China’s High-Income Future
LONDON – “What if this is ‘as good as it gets’?” Jack Nicholson asks, as he walks through his psychiatrist’s waiting room in the eponymous film. At the recent meeting of G-20 finance ministers in Shanghai, participants were asking much the same question – and not just with regard to medium-term expectations of weak global growth. Many are now wondering whether China’s current growth rate will be as good as it gets for a long time to come.
Determining the validity of such fears requires understanding what is driving China’s economic slowdown. Some offer a straightforward explanation: China, along with other major emerging economies, has become ensnared in the dreaded “middle-income trap,” unable to break through to advanced-economy status. But this assumes that some exogenous force or tendency causes countries to become “stuck” at a particular income level – a view that one academic study after another has debunked.
To be sure, countries do often struggle to achieve high-income status. According to the World Bank, only 13 of 101 countries classified as middle income in 1960 had reached high-income status in 2008.
Moreover, some middle-income countries, after promising growth, spent decades “trapped” at a certain per capita income level. Argentina, for example, kept pace with the United States in per capita income growth from 1870 to 1940; since then, the gap has been widening steadily. In this manner, even countries that make it to high-income status sometimes regress to middle-income levels.
But there is no historical necessity that dictates that countries get stuck at particular levels of income. On the contrary, studies suggest that fast-growing low-income economies are also likely to become fast-growing middle-income economies, and ultimately to graduate to high-income status. If an economy gets stuck, it is because it has failed to adjust, as the basis for growth changes. And, in fact, the lack of capacity for self-transformation normally would have been visible at low-income levels, too.

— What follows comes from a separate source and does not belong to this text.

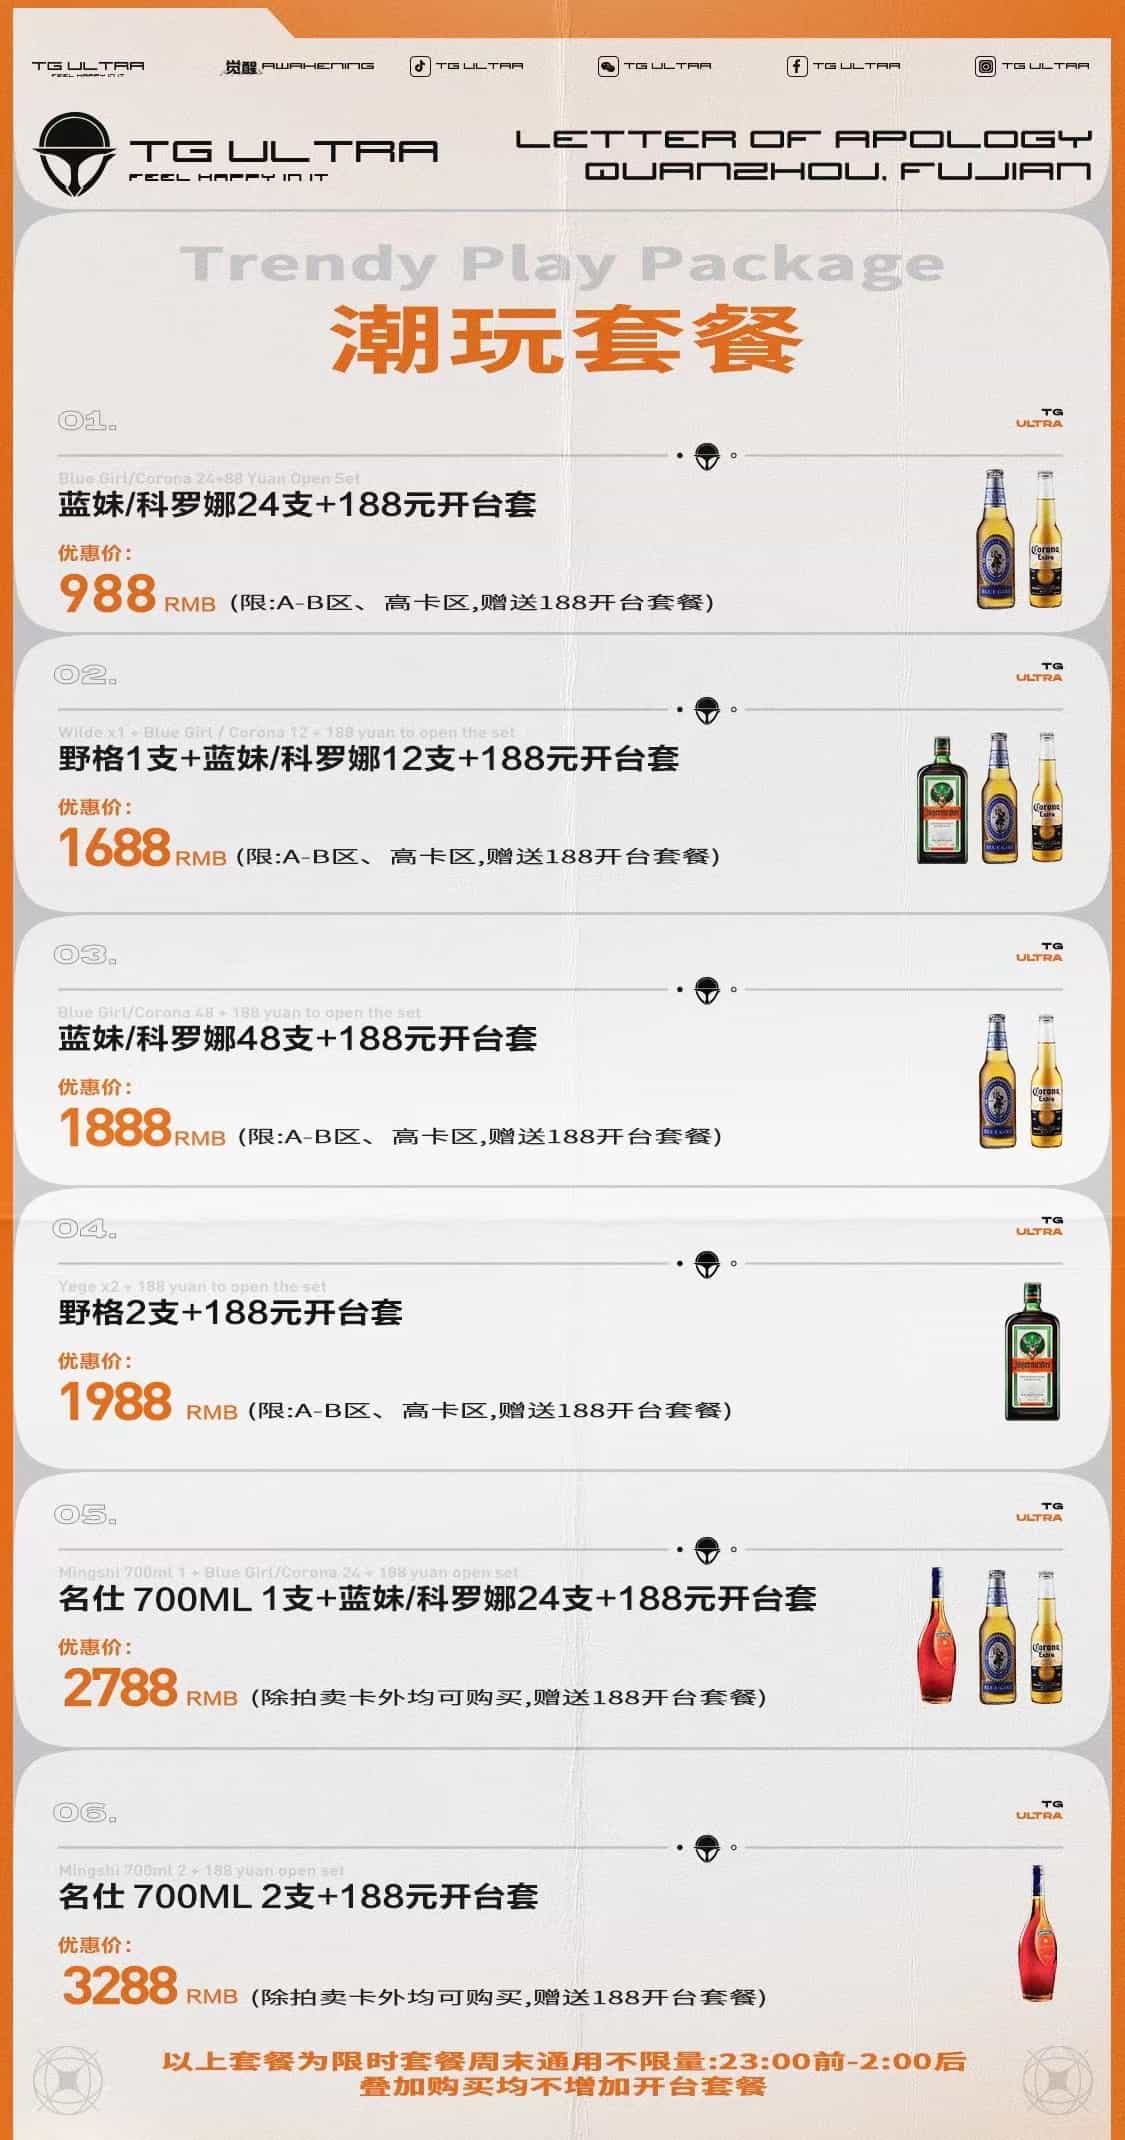 广州天宫酒吧消费表图片

What, exactly, does the needed adjustment entail? While the specifics vary across countries, the innovation-focused Neo-Schumpeterian growth theory, proposed by the economists Philippe Aghion and Peter Howitt, offers some important insights.
Aghion and Howitt view innovation as any change that leads to the introduction of new products or processes in the market where a firm operates. Countries far from the world technology frontier are better off imitating existing technologies and adapting them to local conditions, but over time such countries must improve their capacity for innovation. Studies have also shown a positive link between innovation and social mobility, and even between innovation and income inequality.
Central to the innovation-focused perspective is the notion that economic growth requires technology transfers and an environment in which new firms can form, grow, and exit (thereby reallocating factors of production to more successful firms). Quality of management obviously plays a key role, but institutions and human capital also matter; corruption, credit constraints, and lack of access to high-quality education all make economic transformation more difficult.
But fostering innovation is not a silver bullet. While providing returns to innovators can help to spur more innovation, it can also allow businesspeople to capture too large a share of the transformation process. For example, whereas Bill Gates has probably been good for economic transformation, the Mexican telecoms billionaire Carlos Slim has not. Encouraging one kind of innovator could easily give rise to the other.
What does all this mean for China? As the country attempts to create the conditions for greater genuine innovation, it must also address myriad short-term challenges. It is caught in a deflationary spiral, with falling prices and increased anxiety over the economy’s prospects reinforcing each other.
And excessive lending to the corporate sector, particularly in manufacturing, has led to massive excess capacity and a growing mountain of bad debt, suppressing growth.
Compounding the challenge, China’s economy is more globally relevant and interconnected than ever before, which means that any action it takes can have far-reaching effects. With tried and tested policies unlikely to work in this new context, the government is having to improvise. And, as anxious markets clearly recognize, that approach carries the potential for policy mistakes.
Nonetheless, there is good reason to believe that China can succeed, given that the country’s economic history indicates an impressive capacity for transformation. Of course, China’s economy has come a long way since Deng Xiaoping initiated the policy of reform and opening up in 1978. But even in more recent years, the skill content in China’s output has improved radically, and resources have been successfully transferred from agriculture to the services sector, rather than to the manufacturing sector, where large state-owned firms still dominate many industries.
If the recent research debunking the middle-income trap is correct, China – one of history’s most miraculous growth stories – has a very good chance of succeeding in the transition to high-income status with similar vigor. The underlying structural changes that have occurred in China in recent years reinforce this optimism. China will need to continue reforms and overcome vested interests, particularly in the state-owned sector, but its chances of success remain high.